Yukon River Inter-Tribal Watershed Council (YRITWC)
- Abbreviation: YRITWC
- Formation: 1997; 29 years ago
- Founder: Indigenous governments within the Yukon River Watershed
- Type: Multi-government advisory, advocacy, monitoring, and lobby group
- Legal status: Active
- Purpose: To protect the environmental integrity of the Yukon River watershed and to preserve the cultural vitality of the indigenous communities
- Locations: Alaska, Yukon Territory, British Columbia; United States, Canada; ;
- Region served: Yukon River Watershed
- Fields: Environmental protection, Cultural preservation
- Membership: 66 First Nations and tribes
- Revenue: Funding from government agencies, private initiatives and public

= Yukon River Inter-Tribal Watershed Council =

The Yukon River Inter-Tribal Watershed Council (YRITWC) is a multi-government advisory, advocacy, monitoring, and lobby group for protecting and cleaning up the Yukon River. It consists of 66 First Nations and tribes in Alaska, Yukon, and British Columbia, living along the Yukon River.
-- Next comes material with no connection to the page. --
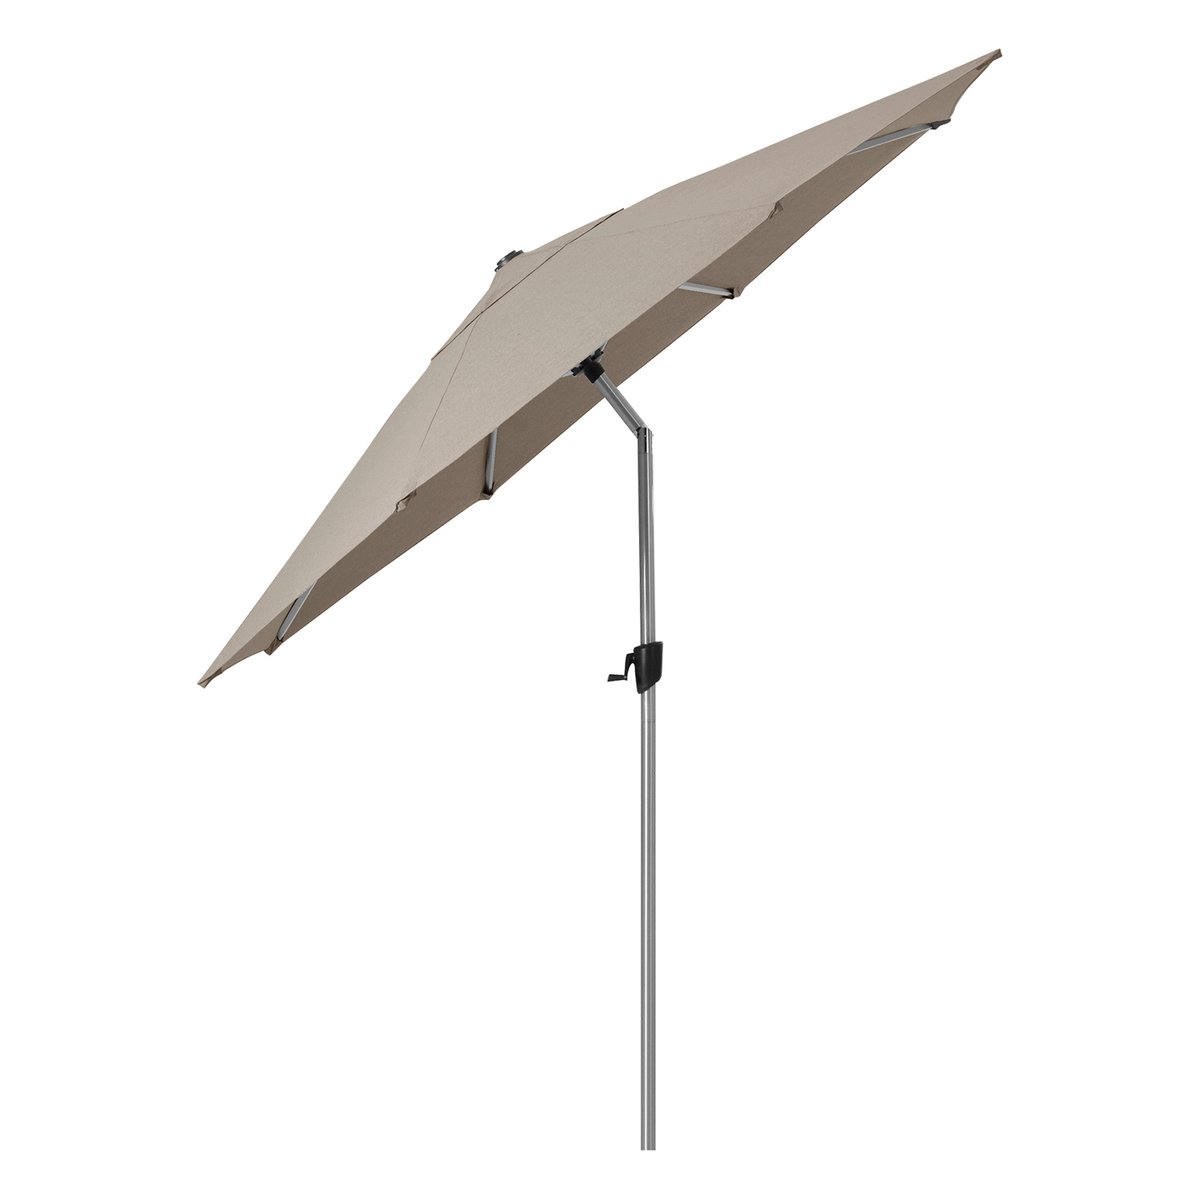 bagage Koning Lear goochelaar Cane-line Sunshade parasol, with tilt, taupe - silver | Finnish Design Shop

Its vision is to "be able to drink water directly from the Yukon River." YRITWC receives its funding from both government agencies and private initiatives; it also accepts donations from members of the public.

== History ==
The YRITWC was founded in 1997, Indigenous governments living within the watershed come together and pledged to collaborate to give to profer solutions to various environmental governing authority issues impacting the environmental quality of the River and its watershed. These groups from the Canadian Yukon Territory and British Columbia and the American state of Alaska signed a treaty called the Yukon River Watershed Inter-Tribal Accord which defined the purpose of the YRITWC and established a council. YRITWC is a multi-government advisory, advocacy, and monitoring group with a two-fold mission "to protect the environmental integrity of the River's watershed and to preserve the cultural vitality of the indigenous communities that are dependent upon and part of the watershed".

== Programs ==
The Yukon River Inter-tribal council are focused on 5 main areas- mining, water quality, brownfields, solid waste and science. YRITWC promotes the use of indigenous traditional knowledge in explaining the science and in developing programs to combat the twin threats of climate change and environmental degradation in the Yukon River Basin.

A new study has shown melting permafrost is changing the chemistry of the Yukon River, just one of many climate-related changes affecting the Yukon and beyond. This research led by scientists from the USGS. tested water samples collected from the Yukon and Tanana rivers over a period of thirty years. Results showed that melting and refreezing of upper layers of the permafrost cause ground water to percolate deeper into the soil and carry more materials into rivers. Tests show elevated level of minerals like calcium, magnesium and sulphates, though not necessarily harmful to humans but could possibly become a health hazard with time. Mercury, a powerful neurotoxin, is another substance that is being monitored because of its health effects.